A King of Ujjain, Bhartruhari was the elder step brother of his more renowned sibling, Vikramaditya. His life presents to us a living account of a person's transformation from a pleasure-loving emperor who had everything at his disposal to a sage who gave us the immortal Shataka trilogy. Bhartruhari was fiercely enamoured of his newly-wedded wife Pingala, a fact which caused Vikramaditya considerable anguish for the elder brother neglected his kingly duties preferring to spend his life in her arms. Pingala on her part conspired and had Vikramaditya thrown out of Ujjain.

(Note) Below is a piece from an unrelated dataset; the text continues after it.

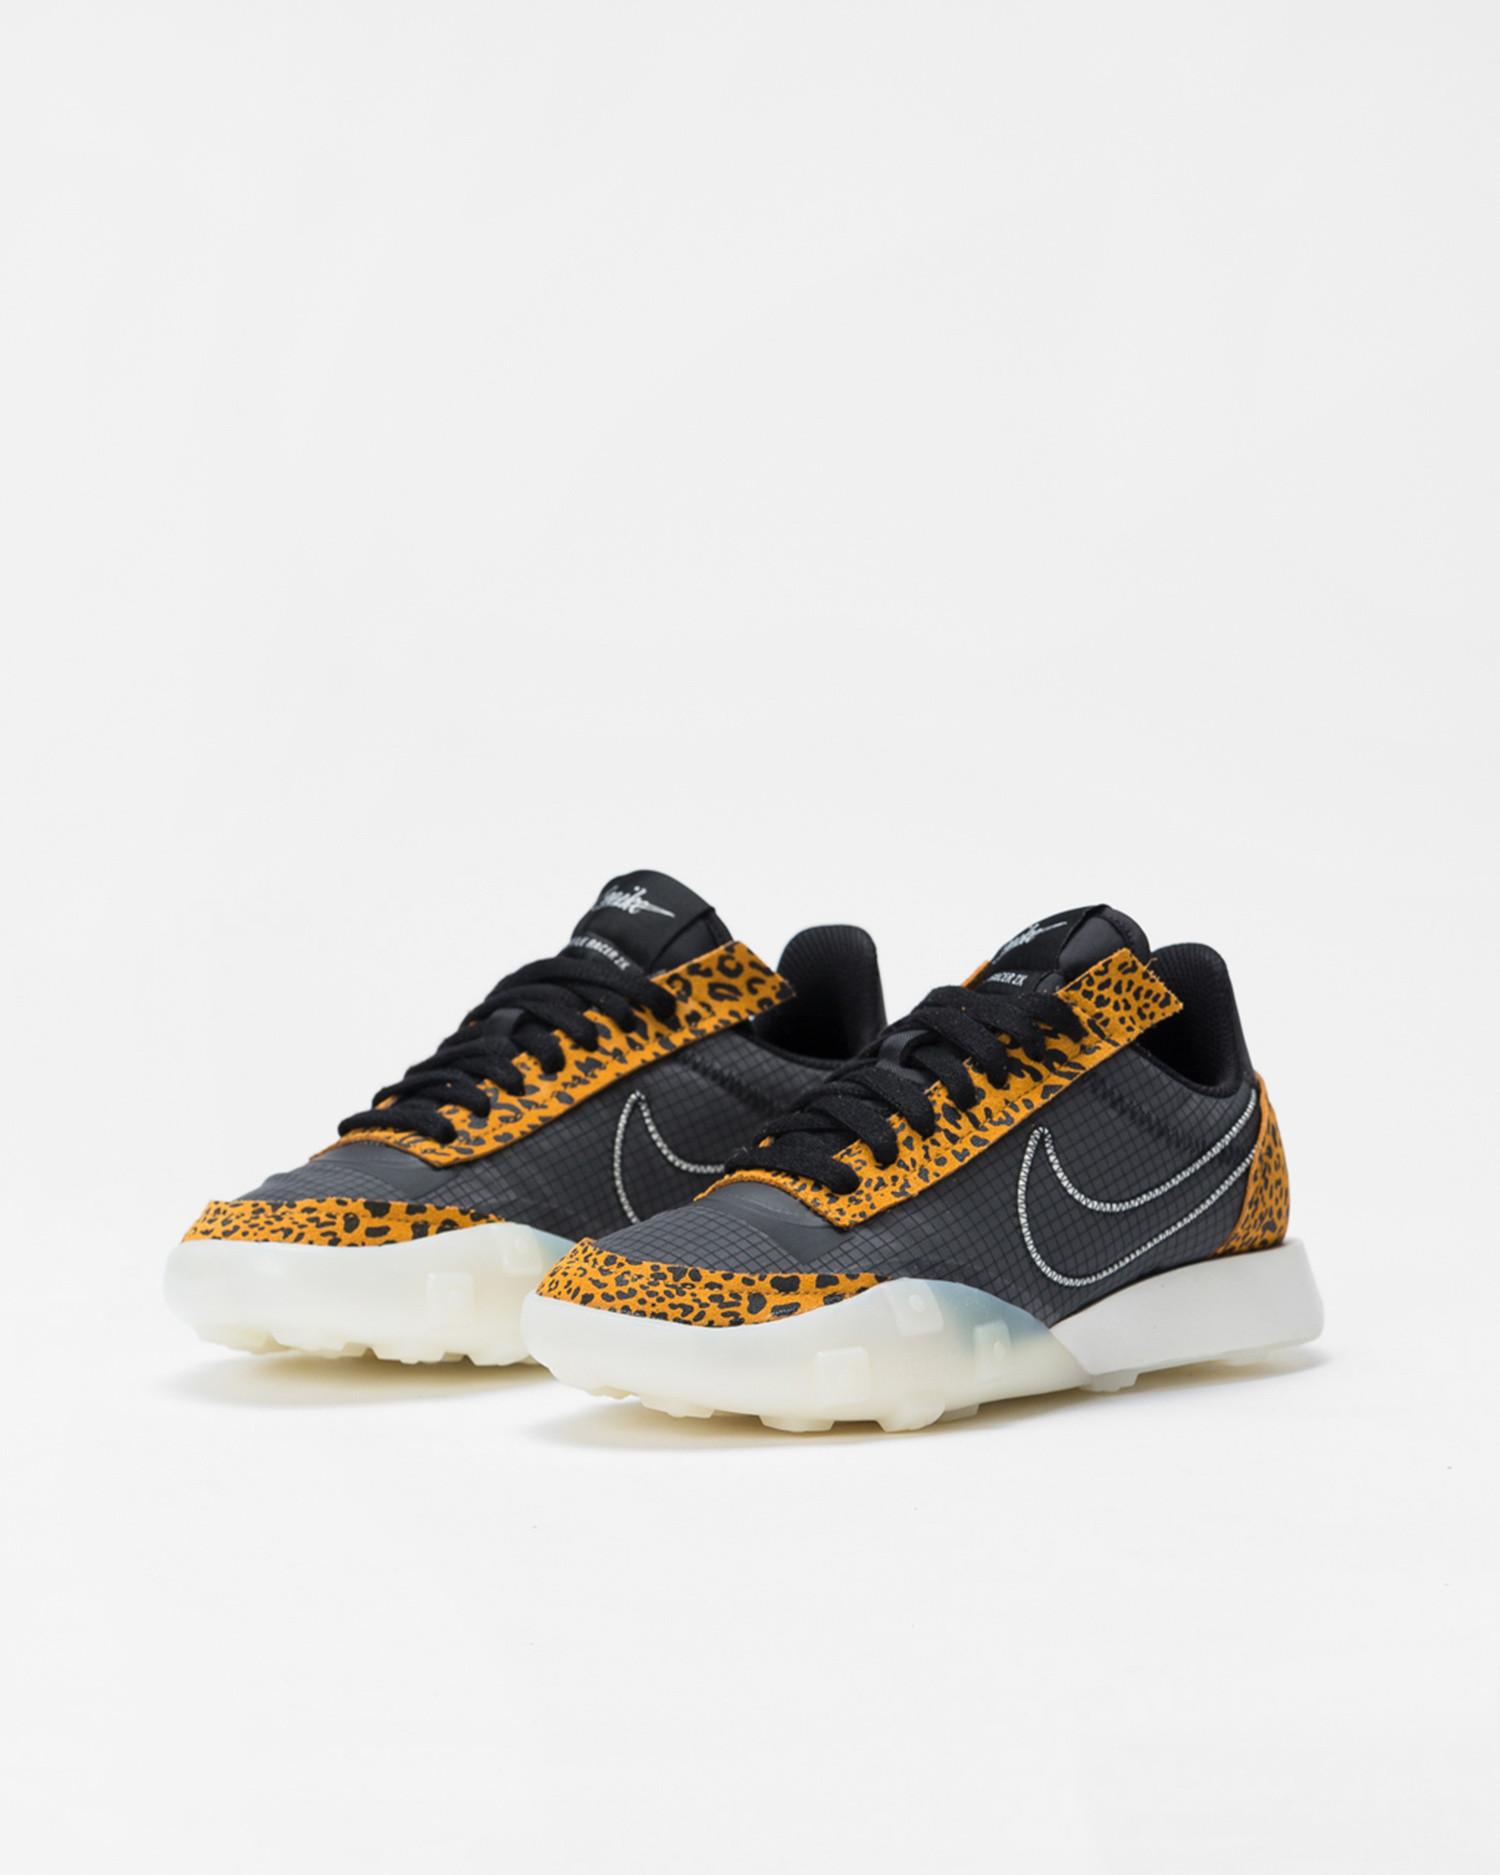 Nike Wmns waffle racer 2x Black/sail-chutney

A Brahmin once gave Bhartruhari a fruit that when eaten would increase the king's lifespan. An infatuated Bhartruhari handed the fruit to his wife. Pingala in turn, preferred the intimate company of the chief horse-keeper to whom she gave the fruit. The horse-keeper was in love with a prostitute. In the end, the fruit found itself in the prostitute's hands. To me, the prostitute emerges as a stellar character in this whole episode. She sensed the importance of the fruit, and found it fit to give it to the king whom she believed was a wise and just ruler barring his wifely obsession of course.

Bhartruhari was counseling with his nobles when the prostitute praised the greatness of the fruit, told him she was unfit of such a lofty gift and gifted it to him. He ate the fruit and in a flash realized that it was the very fruit that he had lovingly gifted to Pingala. This singular incident made him realize the worthlessness of it all. He turned his back on worldly life and took to renunciation.

From King Bhartruhari, he became an ascetic, a tapasvi (the literal meaning of tapas is "to burn") and from the ashes he burnt his passions into arose the immortal Shatakatraya: the Neeti, Shringara, and Vairagya Shatakas.

Neeti Shataka can generally be understood as a teaching/exposition of morality, conduct, wisdom, behaviour, prudence, and all of these. The Neeti Shataka does exactly this: at one level, it is a treatise on a range of subjects like conduct, character, kinds of people, learning, the arts, while at another, it is sheer poetry in the sense you can choose to remain deaf to the poet's message but experience the sonorous joy his poetry evokes within you.

The Shringara Shataka deals mainly with various facets of erotic love; it goes to great lengths to describe nuances of feminine allurement, their behaviour in various stages of sensual arousal, and suchlike. The reason Bhartruhari took time and effort to pen some absolutely erotic verses has its roots in the Indian conception of asethetics. A king himself who had enjoyed every kind of sensual pleasure, Bhartruhari took care not to trivialize any aspect of life and experience including the sensual. Indian art experience viewed as a whole is all-inclusive. The end of sense-pleasure as various schools of philosophy state is self-realization, which is the end.

In the Vairagya Shataka he says there are only two ways one can live: indulge or take to asceticism. While this might seem extreme, Bhartruhari underscores the essential futility of trying simultaneously to indulge in relentless pleasure and desire eternal peace.

Bhartruhari's trilogy encompasses almost every experience known to man and pours them forth in beautiful poetry. It provides philosophy to those interested in it, metrical delight to those who revel in it, morality to those who seek itů everybody unfailingly gains from it depending on what they look for. Ultimately, Bhartruhari's name stands firm to this hour owing to this.